«Chi non lo sa non lo può nemmeno immaginare che in una strada di Milano non particolarmente bella, in un quartiere non particolarmente centrale, dietro le tende e i bei poster (i dipinti dentro) di Paolo Ferrari, si cela uno dei migliori locali “non solo di Milano”, uno dei pochi templi della cucina assolutamente italiana, tradizione alleggerita e rivisitata, ma tradizione nazionale». Scriveva così il “nostro” Giancarlo Perrotta, curatore insieme a Clara Barra della guida Ristoranti d’Italia per oltre un decennio. Il “notaio” aveva ben individuato la forza del Luogo di Aimo e Nadia, ovvero quella ricerca costante e appassionata della materia prima. Ricerca che, di quei e questi tempi, è il vero punto di discrimine tra la buona cucina e la tecnica impersonale.
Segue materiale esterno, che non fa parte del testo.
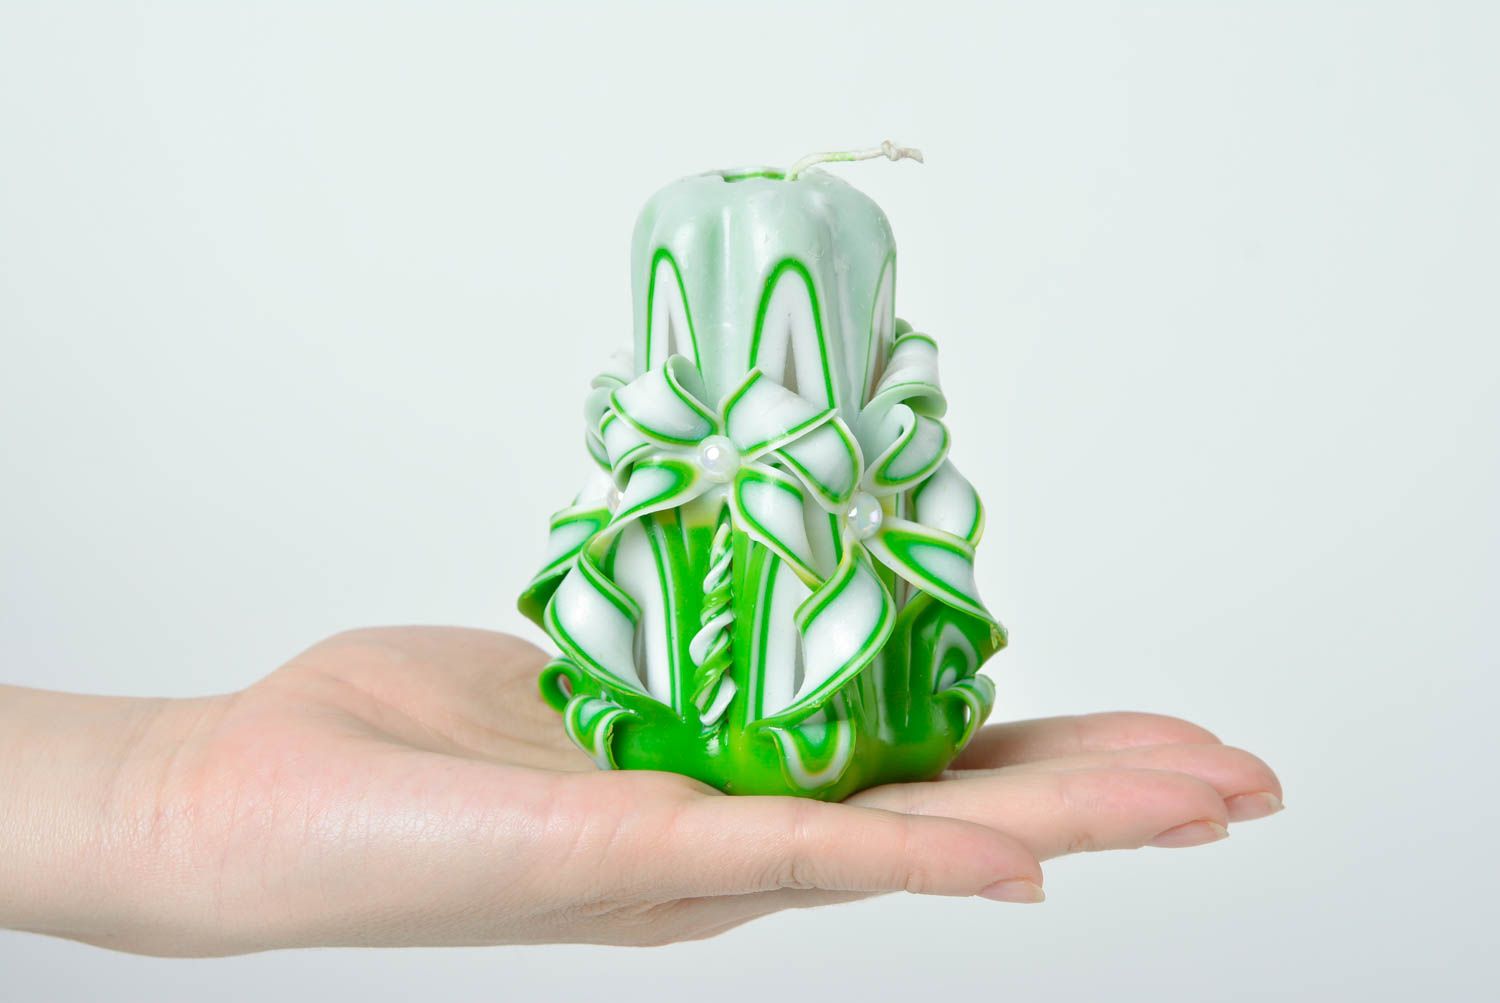 Парафиновая свеча ручной работы декорированная в технике ручной резьбы зеленая фото 4

Aimo e Nadia. Foto di Alberto Blasetti
Nel ristorante di Aimo Moroni, morto all’età di 91 anni, e Nadia Giuntoli, la grande materia selezionata da Moroni in persona ha da sempre caratterizzato la loro cucina, fatta di profumi e sapori nitidi e intensi come pochi. Già in epoca non sospetta un piattino di olio da gustare con il pane rappresentava un grandissimo inizio perché Aimo sapeva, ha sempre saputo, essere ferreo nella scelta dell’olio perfetto. Ed è così che si rimaneva folgorati da un “semplice” pomodoro crudo accompagnato da olive, capperi e origano di Pantelleria sul crostino di pane, «per scoprire che il sapore vero del pomodoro forse lo si era dimenticato», commentava Marco Bolasco – oggi direttore dell’area non-fiction di Giunti Editore e fondatore di Topic – nella recensione datata 2006. Ed effettivamente i piatti che hanno fatto la storia del Luogo di Aimo e Nadia hanno tutti come filo conduttore un viaggio in profondità al cuore dell’ingrediente.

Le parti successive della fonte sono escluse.